Given data:
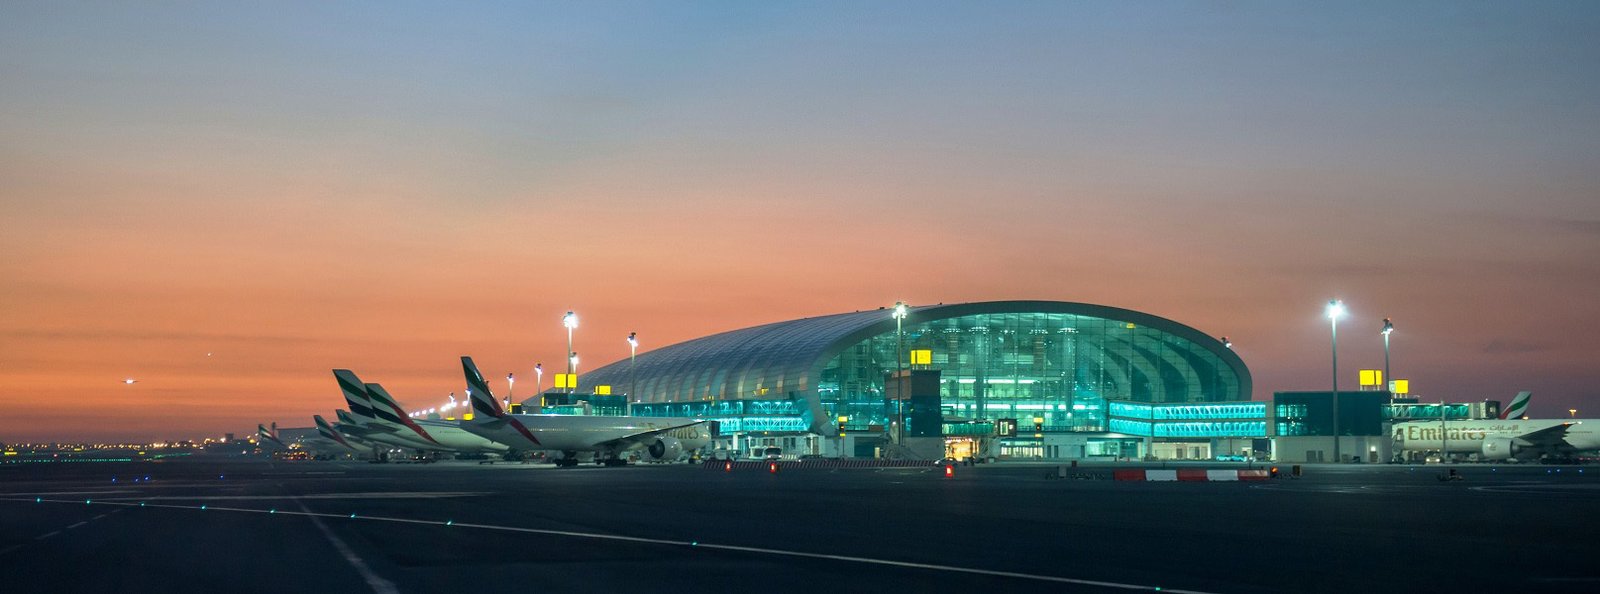 Como llegar a Dubái - Aeropuertos de Dubái y como moverse al centro
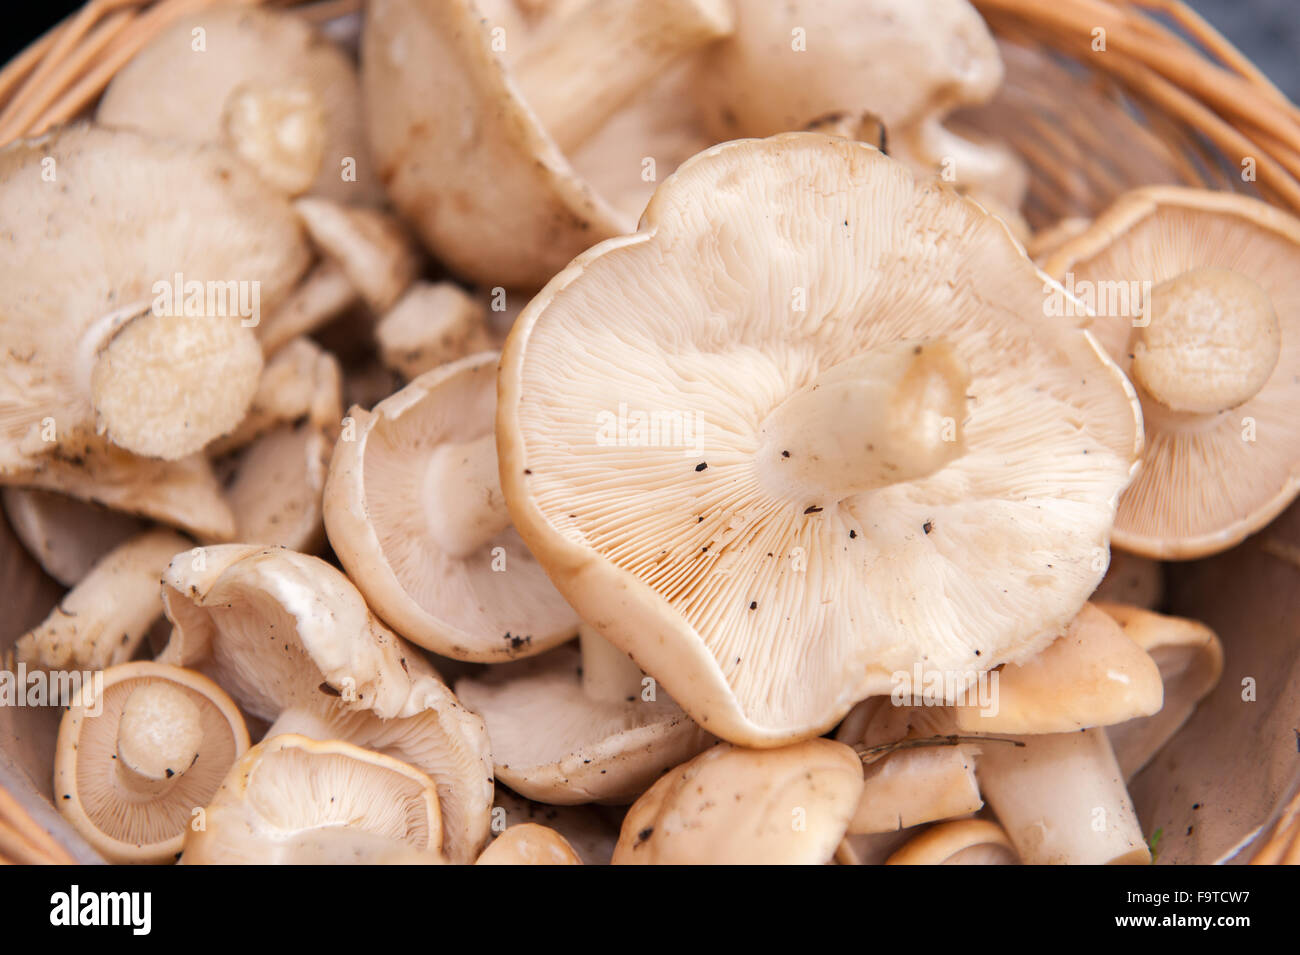 Large selection of fresh wild mushrooms Stock Photo
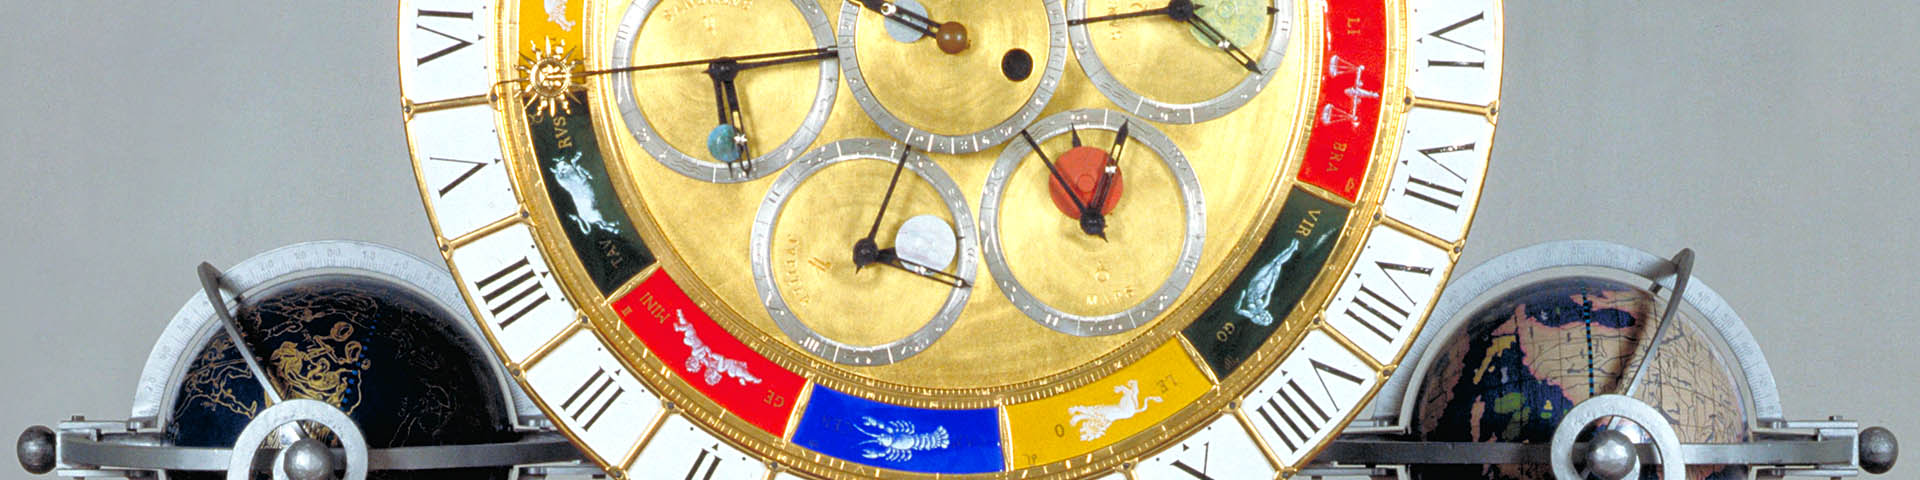 Clock of Lorenzo della Volpaia

What to work on: The expected output is the full material above, unaltered, with pictures removed.

Response to this exercise:
 Como llegar a Dubái - Aeropuertos de Dubái y como moverse al centro
 Large selection of fresh wild mushrooms Stock Photo
 Clock of Lorenzo della Volpaia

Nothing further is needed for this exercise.